Focus on cache warming strategies, efficient namespace organization (10 namespaces of 1M documents vs 1 namespace of 10M), and avoiding expensive filter patterns. Use shorter ID formats (integers vs UUID strings), batch writes to maintain good indexing thresholds, and consider geographic deployment closer to your users.

What monitoring and observability features are available for production deployments?

Turbopuffer provides built-in metrics for cache hit rates, query performance, and index statistics. BYOC deployments integrate with standard Kubernetes observability platforms. Monitor cache hit rates, query concurrency levels, and indexing lag as key performance indicators for your AI agent workflows.

How does namespace design affect both performance and costs?

Namespace design is critical for both performance and cost optimization when building TypeScript AI agent frameworks. Multiple smaller namespaces (10 namespaces of 1M documents) generally perform better than single large namespaces due to indexing efficiency and cache locality. However, cross-namespace queries require application-level coordination and may increase complexity in agentic workflows.

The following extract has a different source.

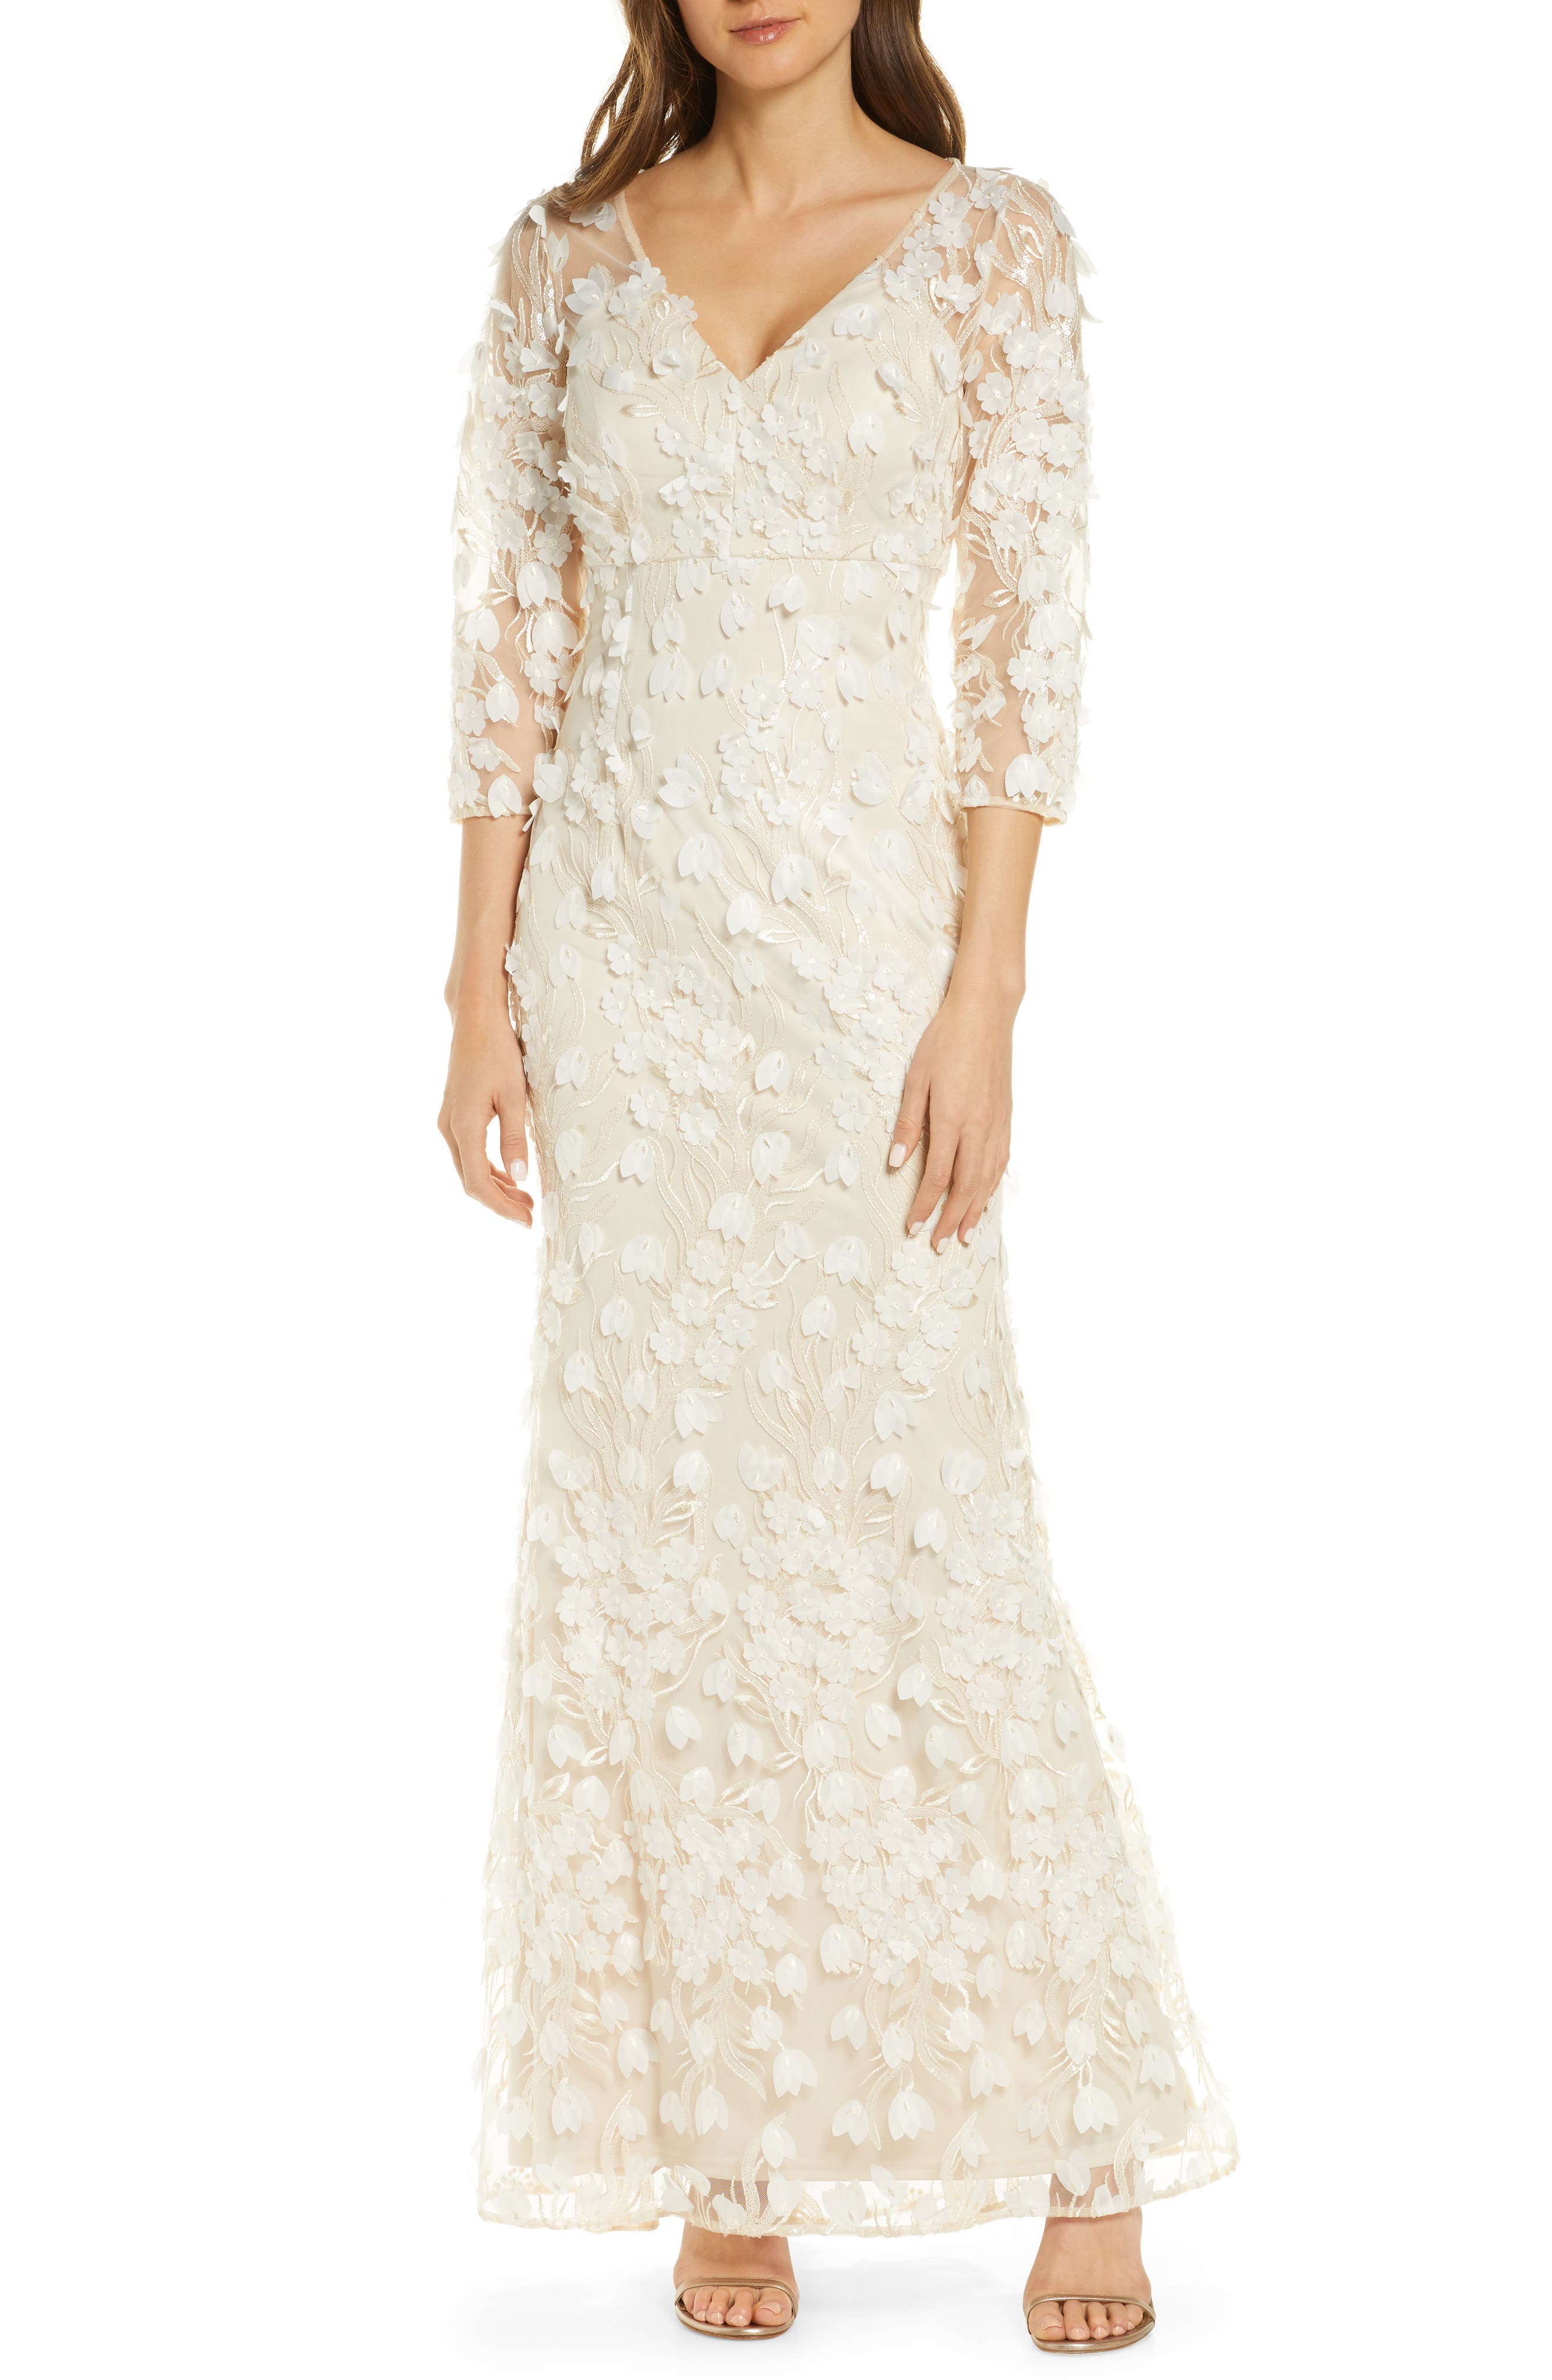 carmen marc valvo infusion 3d floral mermaid gown

The Serverless Vector Database Advantage

Turbopuffer represents a fundamental shift in vector database architecture, proving that you don't have to choose between operational simplicity and cost efficiency. By separating storage from compute and implementing intelligent caching, it delivers the ease of managed services with economics that scale naturally with usage.

For teams building TypeScript AI agent frameworks, you can use Turbopuffer to orchestrate vector search with enterprise-grade performance and reliability without the enterprise-grade price tag or operational overhead. While the ecosystem remains smaller than established alternatives, the technical advantages and proven production success at companies like Cursor make it a serious contender for cost-conscious applications requiring reliable vector search capabilities in agentic workflows.

The serverless approach isn't just about reducing costs: it's about removing infrastructure decisions from the critical path of AI application development, letting teams focus on building great user experiences rather than managing database clusters.